That being said, if the goal is to make this driver more universally usable, what would be the most reasonable approach? Would reverse engineering the rknn-toolkit2 be the best route, or is there a more elegant alternative? As far as I know, this device has always struggled with optimization issues in shared libraries.; February 19, 2025 at 5:31 PM
Tomeu Vizoso said...: > However, one thing is certain: Rockchip is unlikely to provide funding or contract work for this. They have historically provided minimal support for their own hardware, including their kernel and GPU. So, I don't think we can expect any financial backing from them.

Yes, that is my impression as well.

> That being said, if the goal is to make this driver more universally usable, what would be the most reasonable approach? Would reverse engineering the rknn-toolkit2 be the best route, or is there a more elegant alternative? As far as I know, this device has always struggled with optimization issues in shared libraries.

I think one just needs to reverse engineer the hardware. Then build a standard stack on top. For now I'm focusing on tensorflow-lite, but other frontends could be added on top of the hardware-specific drivers.

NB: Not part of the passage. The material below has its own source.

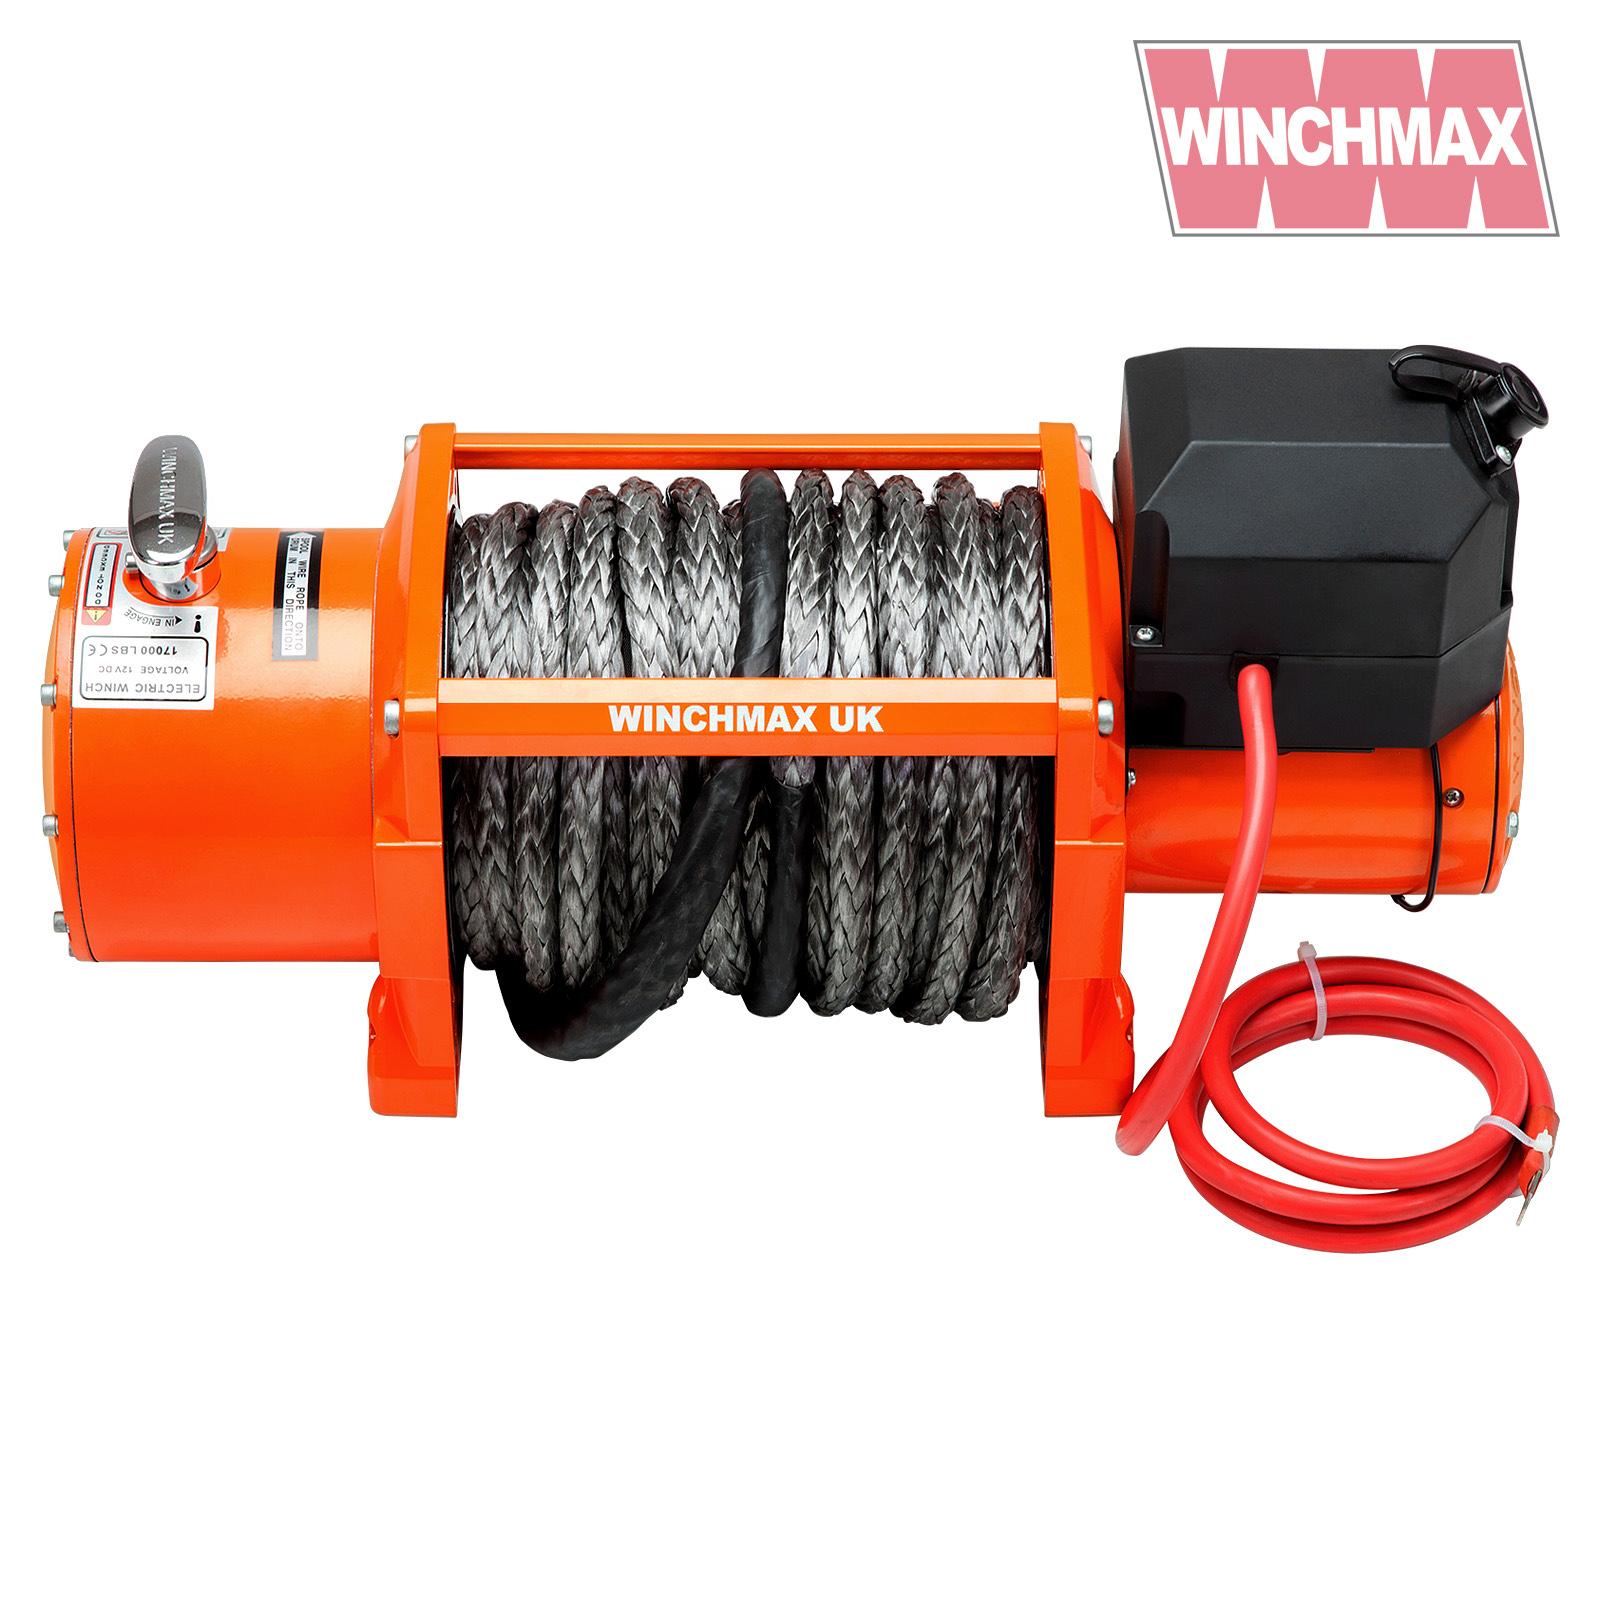 Wm1700012vrs winchmax 069 corrected
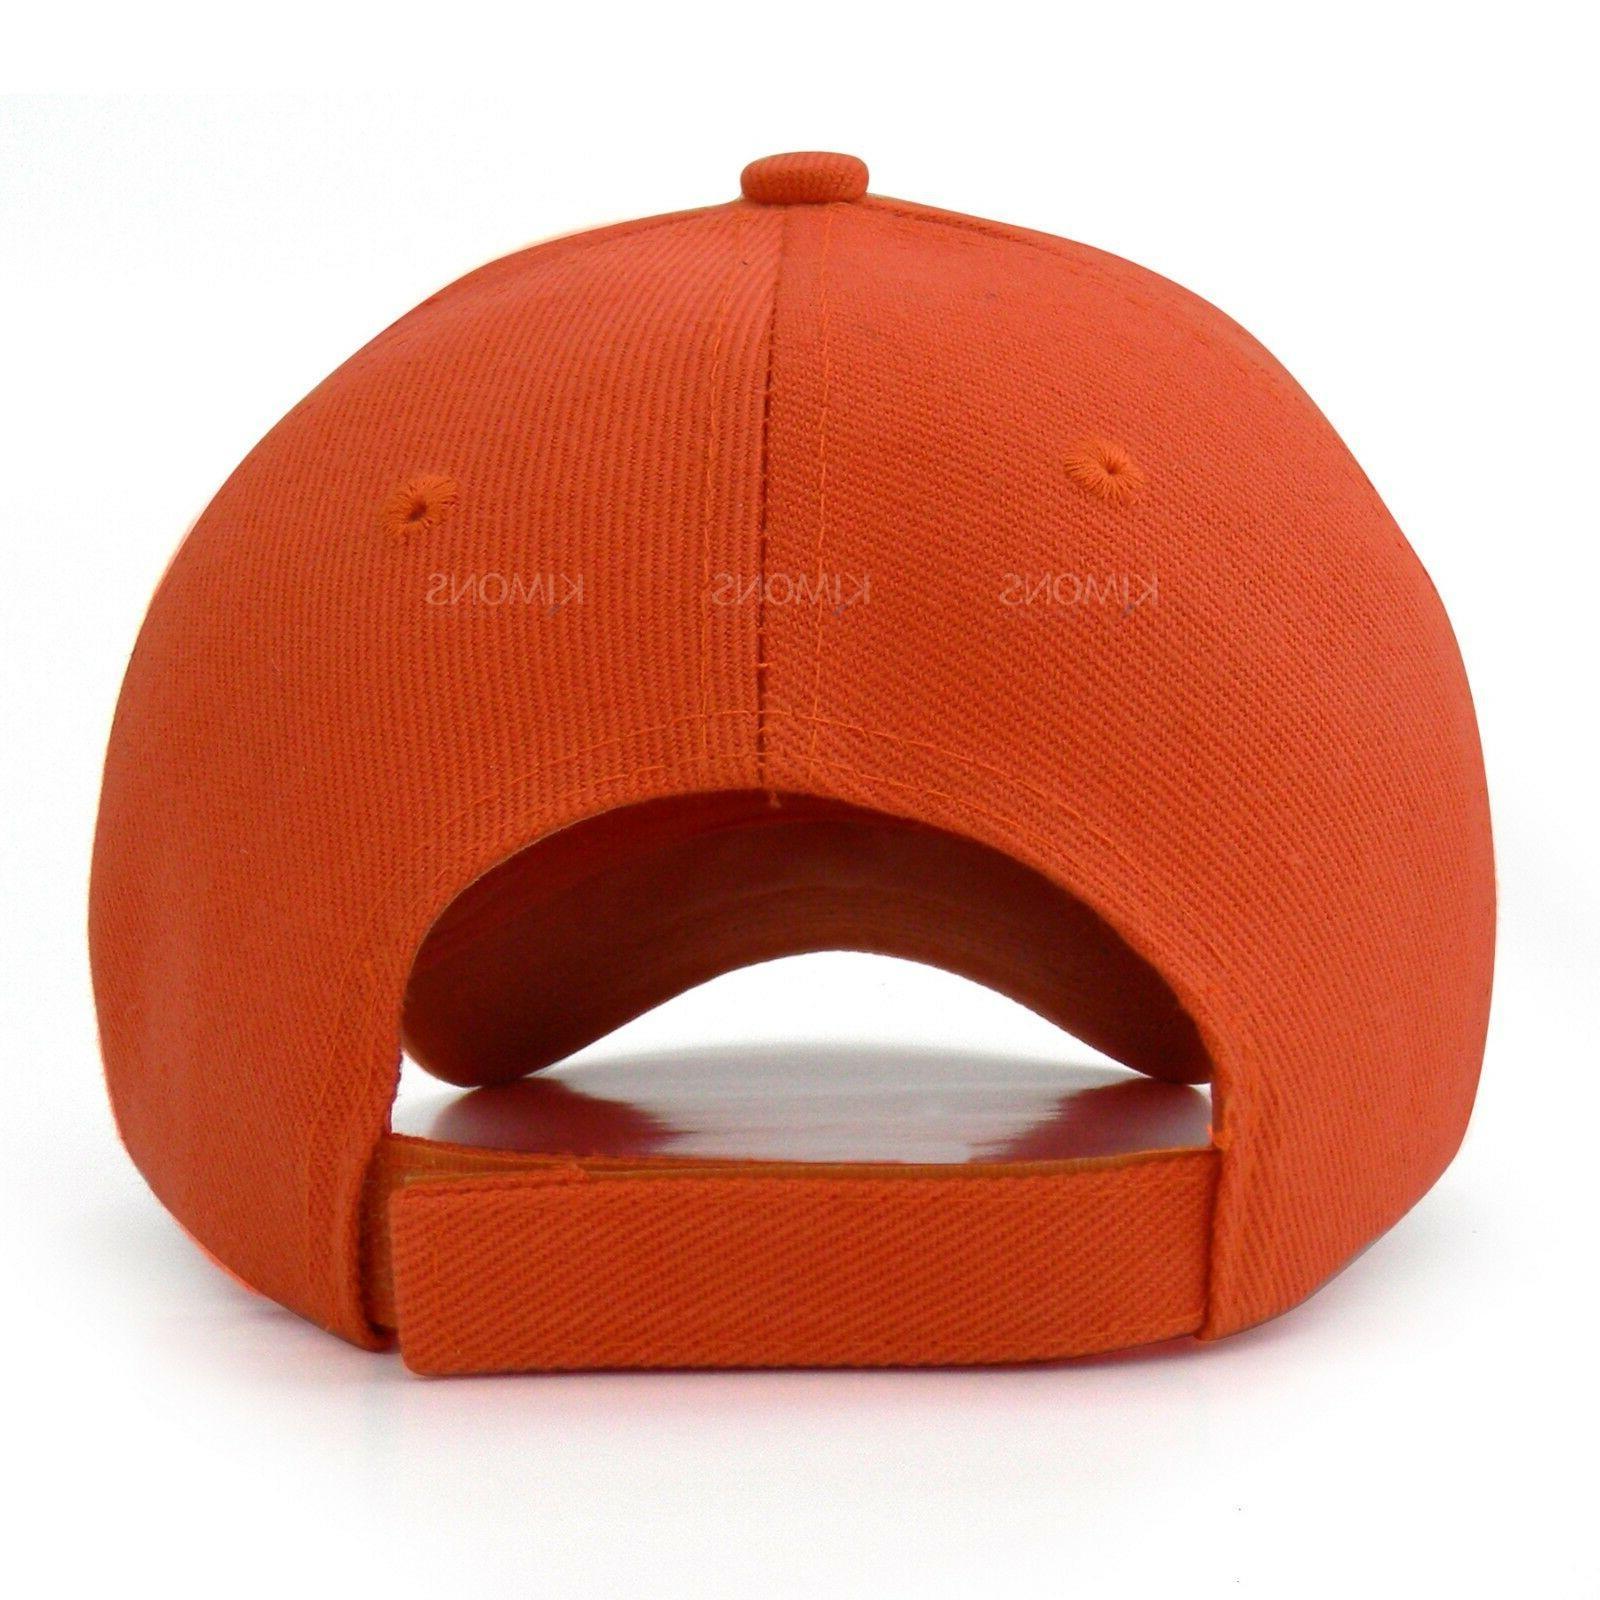 Loop Plain Solid Color Visor Adjustable Mens

I would like to reproduce the success story of open-source GPU drivers with the NPUs.; February 19, 2025 at 5:42 PM
Anonymous said...: I see.
The issue is that NPUs, unlike GPUs, do not have standardized specifications like OpenGL or Vulkan, and they lack compatibility with other hardware. This is probably why Rockchip created their own rknn.
However, trying to implement it in the same way as rknn requires a significant amount of work. (Moreover, the rknn-toolkit is full of bugs, and it's quite inconvenient to write rknn code for each application.)
Therefore, wouldn’t directly supporting an open-source and versatile framework like OpenVINO be the most reliable, universal, and straightforward solution?; February 19, 2025 at 7:32 PM
Anonymous said...: I see.

The issue is that NPUs, unlike GPUs, do not have standardized specifications like OpenGL or Vulkan, and they lack compatibility with other hardware. This is probably why Rockchip created their own rknn.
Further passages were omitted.